— У мисс Ватсон было красное лицо, большой чепчик и очки, не правда ли? — сказал Гэмпстед, обращаясь в Марион Фай.
— Я видела однажды мисс Ватсон, — сказала мистрисс Роден, — когда Марион была у нее в пансионе; это была женщина очень маленького роста, с блестящими глазами, она не носила фальшивых волос и всегда имела такой вид, точно сейчас вышла из картонки.
— Она была вполне верна своим убеждениям, как и следует квакерше, — сказал мистер Фай, — надеюсь, что Марион последует ее примеру. Что же касается языка, то, по-моему, наш способ выражения, до некоторой степени, должен согласоваться с нашим образом жизни. Нельзя ожидать услышать с церковной кафедры фразы, приличные на скаковом поле; точно также выражения, может быть, уместные в аристократических салонах, не приличествуют скромным приемным клерков и ремесленников.

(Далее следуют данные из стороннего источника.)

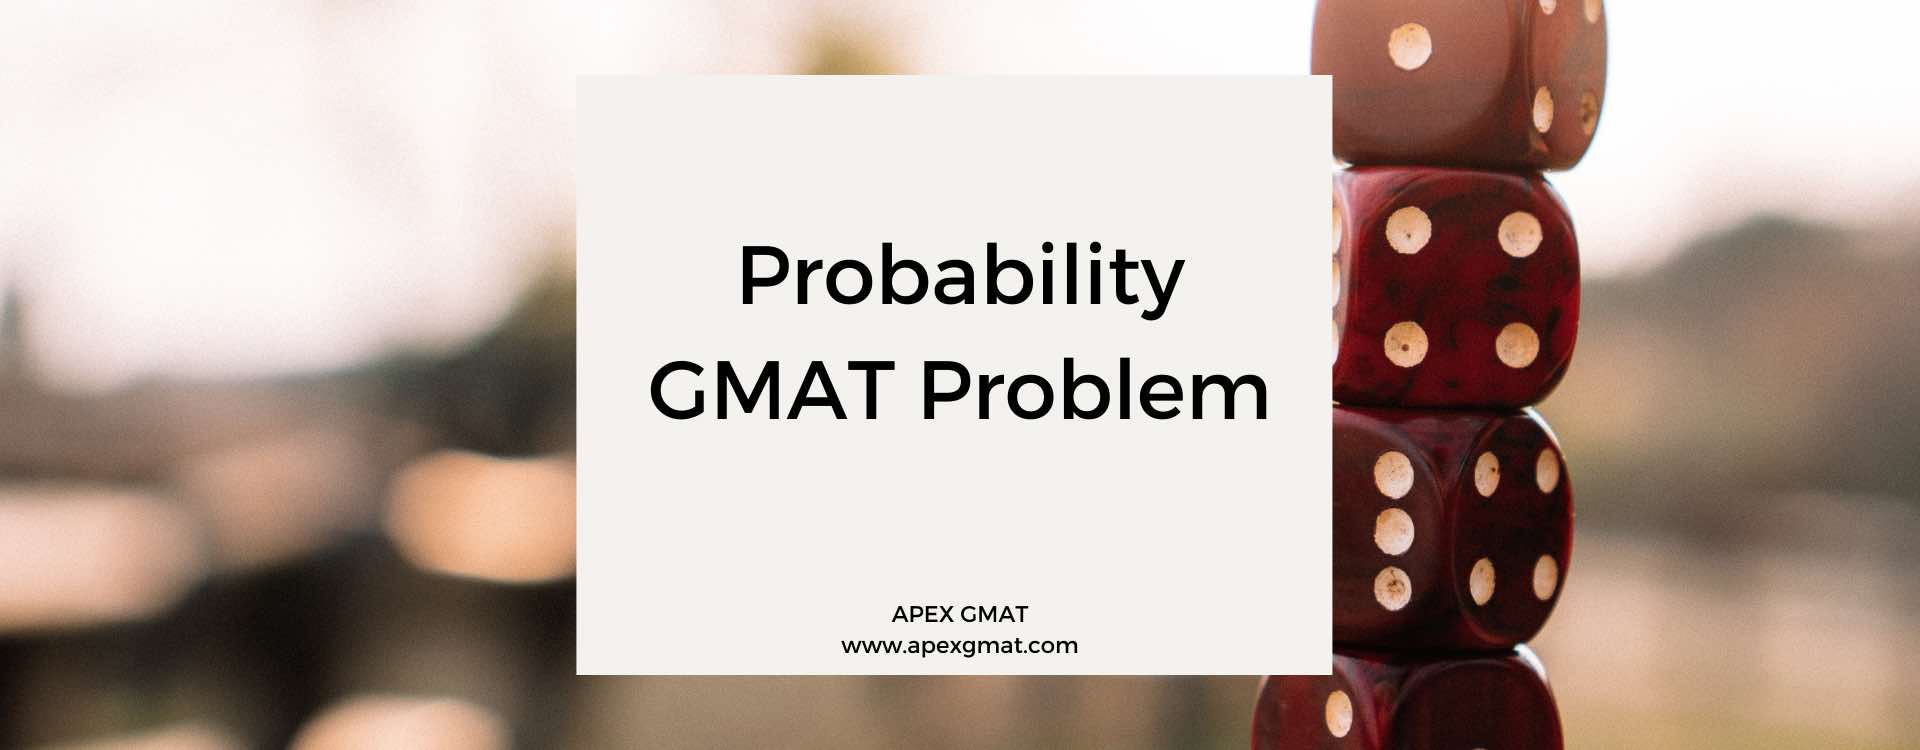 Probability GMAT Problem

— Никогда более не скажу, что что-нибудь «страшно», — сказал Гэмпстед, предлагая мистрисс Роден руку и ведя ее к столу.
— Надеюсь, что он не сердится на отца, — шепнула Марион Фай Джорджу Родену, когда они вместе шли по вале.
— Нисколько. Ничто, в этом роде, не может рассердить его. Если б отец ваш льстил ему или унижался перед ним, тогда он почувствовал бы отвращение.
— Отец никогда бы этого не сделал, — с уверенностью сказала Марион.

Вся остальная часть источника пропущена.